··· Listed records
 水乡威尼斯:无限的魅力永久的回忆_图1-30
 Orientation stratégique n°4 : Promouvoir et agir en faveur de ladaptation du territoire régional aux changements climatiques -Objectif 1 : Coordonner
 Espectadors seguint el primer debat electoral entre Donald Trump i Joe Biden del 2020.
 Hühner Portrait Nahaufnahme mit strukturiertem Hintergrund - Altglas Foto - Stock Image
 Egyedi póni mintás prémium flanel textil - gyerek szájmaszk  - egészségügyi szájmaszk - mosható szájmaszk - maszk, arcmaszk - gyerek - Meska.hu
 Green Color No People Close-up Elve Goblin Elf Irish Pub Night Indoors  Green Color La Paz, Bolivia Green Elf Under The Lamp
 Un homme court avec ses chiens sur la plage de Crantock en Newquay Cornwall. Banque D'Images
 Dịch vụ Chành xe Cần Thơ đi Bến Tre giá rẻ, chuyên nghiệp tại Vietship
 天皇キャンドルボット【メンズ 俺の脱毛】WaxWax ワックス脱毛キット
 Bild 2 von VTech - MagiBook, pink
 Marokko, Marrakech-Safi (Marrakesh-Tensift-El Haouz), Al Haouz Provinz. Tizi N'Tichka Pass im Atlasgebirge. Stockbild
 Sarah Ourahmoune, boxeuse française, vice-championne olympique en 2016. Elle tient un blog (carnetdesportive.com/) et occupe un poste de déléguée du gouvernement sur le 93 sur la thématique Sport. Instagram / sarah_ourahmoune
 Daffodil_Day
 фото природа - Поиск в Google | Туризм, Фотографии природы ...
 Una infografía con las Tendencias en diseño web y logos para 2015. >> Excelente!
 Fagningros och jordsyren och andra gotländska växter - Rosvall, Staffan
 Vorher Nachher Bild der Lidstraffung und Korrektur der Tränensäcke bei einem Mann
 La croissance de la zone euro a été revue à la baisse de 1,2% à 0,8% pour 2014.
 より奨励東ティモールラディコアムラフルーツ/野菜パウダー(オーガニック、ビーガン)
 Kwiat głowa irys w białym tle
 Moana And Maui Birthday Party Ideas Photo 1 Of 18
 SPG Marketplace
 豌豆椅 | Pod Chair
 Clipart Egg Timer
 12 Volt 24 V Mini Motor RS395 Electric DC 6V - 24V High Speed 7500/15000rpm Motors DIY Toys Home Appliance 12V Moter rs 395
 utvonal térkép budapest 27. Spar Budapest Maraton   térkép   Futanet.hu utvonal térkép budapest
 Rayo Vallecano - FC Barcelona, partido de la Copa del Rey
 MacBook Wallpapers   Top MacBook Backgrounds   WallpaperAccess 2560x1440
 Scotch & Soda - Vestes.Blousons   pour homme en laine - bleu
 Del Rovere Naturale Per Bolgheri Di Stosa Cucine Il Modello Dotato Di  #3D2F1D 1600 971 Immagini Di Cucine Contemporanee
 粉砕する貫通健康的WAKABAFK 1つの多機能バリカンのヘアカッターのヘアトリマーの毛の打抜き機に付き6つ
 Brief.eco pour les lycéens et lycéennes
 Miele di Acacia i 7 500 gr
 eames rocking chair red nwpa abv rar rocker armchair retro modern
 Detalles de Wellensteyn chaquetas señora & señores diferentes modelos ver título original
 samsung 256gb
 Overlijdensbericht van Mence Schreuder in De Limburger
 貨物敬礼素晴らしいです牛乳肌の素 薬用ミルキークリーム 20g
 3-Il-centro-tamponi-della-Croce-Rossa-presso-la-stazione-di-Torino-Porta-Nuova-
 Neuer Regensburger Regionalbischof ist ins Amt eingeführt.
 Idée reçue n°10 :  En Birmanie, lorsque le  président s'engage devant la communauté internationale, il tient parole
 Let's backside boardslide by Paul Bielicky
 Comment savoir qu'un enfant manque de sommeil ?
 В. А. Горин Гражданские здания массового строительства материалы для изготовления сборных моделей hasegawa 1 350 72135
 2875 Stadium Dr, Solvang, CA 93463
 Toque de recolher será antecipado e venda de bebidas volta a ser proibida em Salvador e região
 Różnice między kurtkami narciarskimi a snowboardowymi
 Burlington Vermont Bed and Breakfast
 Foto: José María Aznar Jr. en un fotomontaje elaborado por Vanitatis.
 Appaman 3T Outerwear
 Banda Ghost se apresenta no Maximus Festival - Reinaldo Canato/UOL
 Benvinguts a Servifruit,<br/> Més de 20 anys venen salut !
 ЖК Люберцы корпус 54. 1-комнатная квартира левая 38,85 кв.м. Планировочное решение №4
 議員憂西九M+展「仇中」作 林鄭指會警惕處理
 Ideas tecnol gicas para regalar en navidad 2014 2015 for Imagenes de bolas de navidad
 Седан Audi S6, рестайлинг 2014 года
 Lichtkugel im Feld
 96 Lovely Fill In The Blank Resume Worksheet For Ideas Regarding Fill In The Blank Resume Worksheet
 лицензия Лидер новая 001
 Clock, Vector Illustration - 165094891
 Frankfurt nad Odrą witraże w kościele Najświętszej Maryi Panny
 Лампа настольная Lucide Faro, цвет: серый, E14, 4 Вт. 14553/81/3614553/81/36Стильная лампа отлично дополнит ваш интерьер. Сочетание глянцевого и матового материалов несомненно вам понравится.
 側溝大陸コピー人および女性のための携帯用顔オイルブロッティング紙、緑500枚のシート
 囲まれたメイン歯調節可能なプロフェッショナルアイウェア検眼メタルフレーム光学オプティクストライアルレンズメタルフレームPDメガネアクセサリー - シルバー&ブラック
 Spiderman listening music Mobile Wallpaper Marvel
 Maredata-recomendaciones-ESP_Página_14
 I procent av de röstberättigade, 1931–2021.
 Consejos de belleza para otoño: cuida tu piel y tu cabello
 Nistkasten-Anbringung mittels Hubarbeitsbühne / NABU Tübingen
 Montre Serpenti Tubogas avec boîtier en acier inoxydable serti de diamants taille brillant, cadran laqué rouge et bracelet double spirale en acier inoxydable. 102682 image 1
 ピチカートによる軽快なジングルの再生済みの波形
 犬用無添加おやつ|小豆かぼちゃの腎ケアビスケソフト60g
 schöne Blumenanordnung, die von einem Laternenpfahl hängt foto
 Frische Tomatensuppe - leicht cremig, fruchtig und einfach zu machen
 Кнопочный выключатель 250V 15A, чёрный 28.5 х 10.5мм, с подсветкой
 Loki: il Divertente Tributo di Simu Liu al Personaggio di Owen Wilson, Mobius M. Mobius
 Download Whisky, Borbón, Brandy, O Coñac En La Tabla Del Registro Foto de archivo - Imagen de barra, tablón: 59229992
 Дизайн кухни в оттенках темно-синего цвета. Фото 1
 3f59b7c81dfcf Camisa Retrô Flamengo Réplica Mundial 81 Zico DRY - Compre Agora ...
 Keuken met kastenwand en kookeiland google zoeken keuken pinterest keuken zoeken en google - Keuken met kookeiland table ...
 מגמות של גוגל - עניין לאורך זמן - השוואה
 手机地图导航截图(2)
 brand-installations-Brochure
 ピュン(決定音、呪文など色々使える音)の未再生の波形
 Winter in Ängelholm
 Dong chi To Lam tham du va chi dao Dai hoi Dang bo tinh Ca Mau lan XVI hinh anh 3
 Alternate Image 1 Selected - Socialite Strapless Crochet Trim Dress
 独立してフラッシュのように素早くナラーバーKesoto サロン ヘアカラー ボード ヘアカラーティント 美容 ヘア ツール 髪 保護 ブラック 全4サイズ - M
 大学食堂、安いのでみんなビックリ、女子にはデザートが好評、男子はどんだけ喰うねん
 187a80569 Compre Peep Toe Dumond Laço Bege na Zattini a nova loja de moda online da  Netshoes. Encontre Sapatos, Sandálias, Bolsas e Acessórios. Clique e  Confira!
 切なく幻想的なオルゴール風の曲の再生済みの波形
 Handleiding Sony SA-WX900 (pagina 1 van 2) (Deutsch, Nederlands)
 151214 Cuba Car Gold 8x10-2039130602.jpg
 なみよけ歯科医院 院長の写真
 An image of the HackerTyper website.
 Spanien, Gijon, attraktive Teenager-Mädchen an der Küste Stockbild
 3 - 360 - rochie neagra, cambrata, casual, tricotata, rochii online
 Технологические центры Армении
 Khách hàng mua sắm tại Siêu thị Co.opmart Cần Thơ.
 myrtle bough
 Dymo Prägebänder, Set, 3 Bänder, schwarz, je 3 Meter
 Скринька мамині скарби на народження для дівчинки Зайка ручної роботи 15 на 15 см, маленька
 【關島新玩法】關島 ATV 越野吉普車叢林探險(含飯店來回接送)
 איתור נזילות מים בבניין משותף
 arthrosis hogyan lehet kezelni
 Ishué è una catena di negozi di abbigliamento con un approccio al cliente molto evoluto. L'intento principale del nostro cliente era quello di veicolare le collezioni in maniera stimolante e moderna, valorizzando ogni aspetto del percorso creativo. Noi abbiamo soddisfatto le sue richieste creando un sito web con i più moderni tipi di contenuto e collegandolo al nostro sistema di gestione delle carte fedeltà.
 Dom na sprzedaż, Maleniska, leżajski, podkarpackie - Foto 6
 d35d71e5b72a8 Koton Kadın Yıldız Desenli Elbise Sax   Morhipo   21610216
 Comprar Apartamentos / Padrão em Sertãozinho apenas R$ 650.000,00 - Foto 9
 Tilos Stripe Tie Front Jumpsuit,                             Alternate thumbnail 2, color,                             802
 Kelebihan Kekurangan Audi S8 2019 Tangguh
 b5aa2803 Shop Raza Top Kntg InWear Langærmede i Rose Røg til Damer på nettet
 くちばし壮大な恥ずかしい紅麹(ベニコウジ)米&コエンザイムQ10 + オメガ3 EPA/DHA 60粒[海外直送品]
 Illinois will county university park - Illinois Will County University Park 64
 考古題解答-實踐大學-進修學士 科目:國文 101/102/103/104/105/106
······
Your task is to set down only the lines that run from the opening of the listing to the line with "Scotch & Soda", both ends included, each unchanged.

[Task response]
 水乡威尼斯:无限的魅力永久的回忆_图1-30
 Orientation stratégique n°4 : Promouvoir et agir en faveur de ladaptation du territoire régional aux changements climatiques -Objectif 1 : Coordonner
 Espectadors seguint el primer debat electoral entre Donald Trump i Joe Biden del 2020.
 Hühner Portrait Nahaufnahme mit strukturiertem Hintergrund - Altglas Foto - Stock Image
 Egyedi póni mintás prémium flanel textil - gyerek szájmaszk  - egészségügyi szájmaszk - mosható szájmaszk - maszk, arcmaszk - gyerek - Meska.hu
 Green Color No People Close-up Elve Goblin Elf Irish Pub Night Indoors  Green Color La Paz, Bolivia Green Elf Under The Lamp
 Un homme court avec ses chiens sur la plage de Crantock en Newquay Cornwall. Banque D'Images
 Dịch vụ Chành xe Cần Thơ đi Bến Tre giá rẻ, chuyên nghiệp tại Vietship
 天皇キャンドルボット【メンズ 俺の脱毛】WaxWax ワックス脱毛キット
 Bild 2 von VTech - MagiBook, pink
 Marokko, Marrakech-Safi (Marrakesh-Tensift-El Haouz), Al Haouz Provinz. Tizi N'Tichka Pass im Atlasgebirge. Stockbild
 Sarah Ourahmoune, boxeuse française, vice-championne olympique en 2016. Elle tient un blog (carnetdesportive.com/) et occupe un poste de déléguée du gouvernement sur le 93 sur la thématique Sport. Instagram / sarah_ourahmoune
 Daffodil_Day
 фото природа - Поиск в Google | Туризм, Фотографии природы ...
 Una infografía con las Tendencias en diseño web y logos para 2015. >> Excelente!
 Fagningros och jordsyren och andra gotländska växter - Rosvall, Staffan
 Vorher Nachher Bild der Lidstraffung und Korrektur der Tränensäcke bei einem Mann
 La croissance de la zone euro a été revue à la baisse de 1,2% à 0,8% pour 2014.
 より奨励東ティモールラディコアムラフルーツ/野菜パウダー(オーガニック、ビーガン)
 Kwiat głowa irys w białym tle
 Moana And Maui Birthday Party Ideas Photo 1 Of 18
 SPG Marketplace
 豌豆椅 | Pod Chair
 Clipart Egg Timer
 12 Volt 24 V Mini Motor RS395 Electric DC 6V - 24V High Speed 7500/15000rpm Motors DIY Toys Home Appliance 12V Moter rs 395
 utvonal térkép budapest 27. Spar Budapest Maraton   térkép   Futanet.hu utvonal térkép budapest
 Rayo Vallecano - FC Barcelona, partido de la Copa del Rey
 MacBook Wallpapers   Top MacBook Backgrounds   WallpaperAccess 2560x1440
 Scotch & Soda - Vestes.Blousons   pour homme en laine - bleu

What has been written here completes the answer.